■ Description of the task
Repeat all of the data below word for word, keeping no images.

■ Supplied information
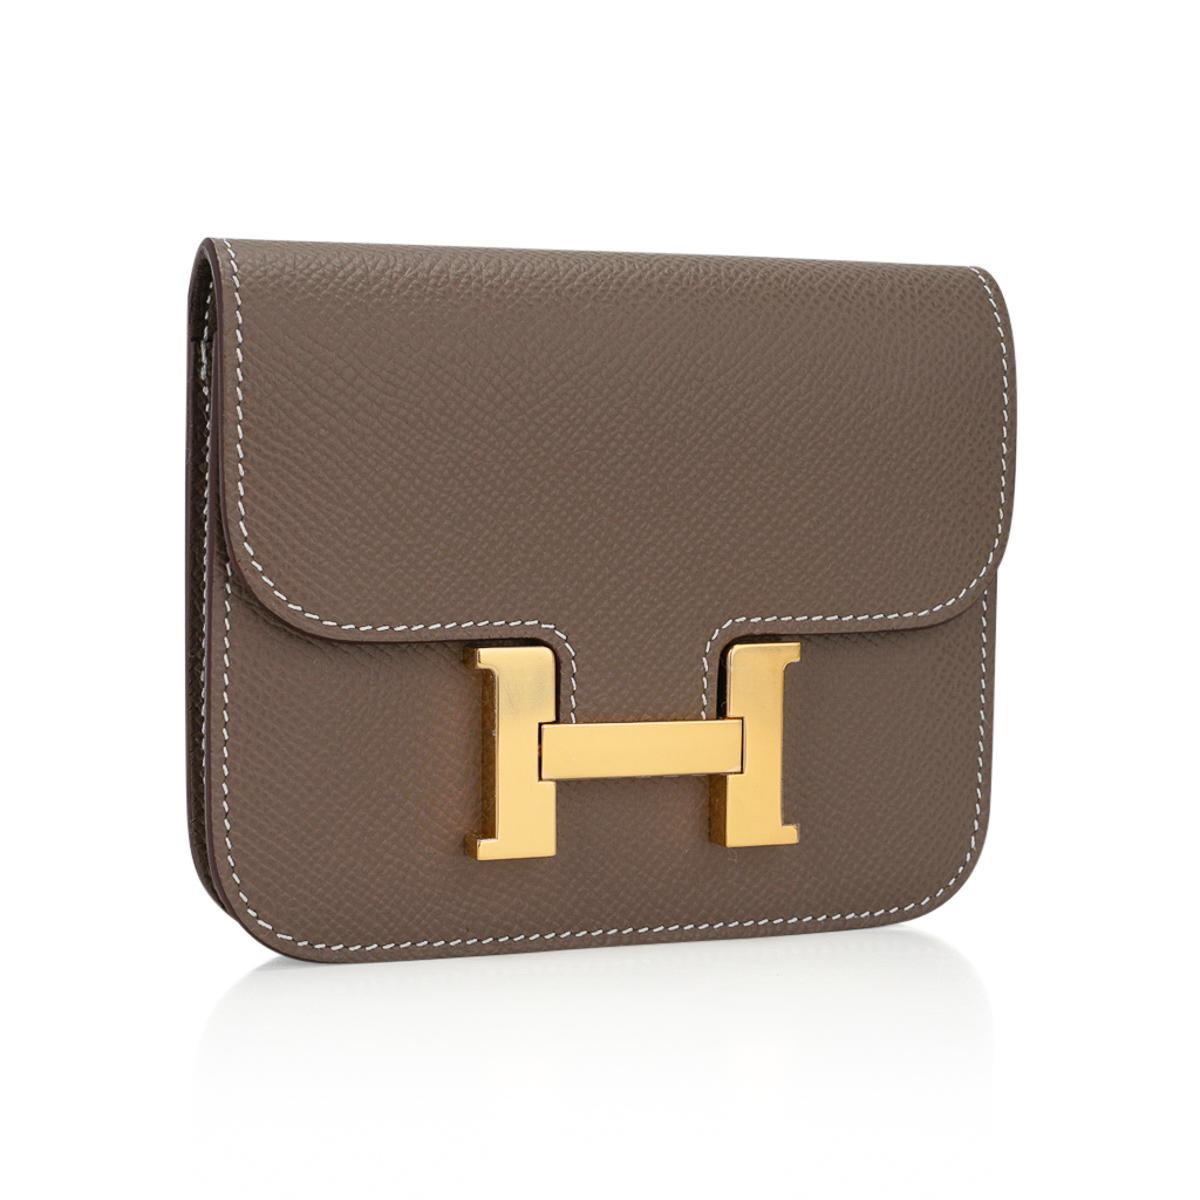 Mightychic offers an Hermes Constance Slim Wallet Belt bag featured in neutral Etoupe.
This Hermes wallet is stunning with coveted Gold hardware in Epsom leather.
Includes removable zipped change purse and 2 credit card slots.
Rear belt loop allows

■ Your solution
 Mightychic offers an Hermes Constance Slim Wallet Belt bag featured in neutral Etoupe.
This Hermes wallet is stunning with coveted Gold hardware in Epsom leather.
Includes removable zipped change purse and 2 credit card slots.
Rear belt loop allows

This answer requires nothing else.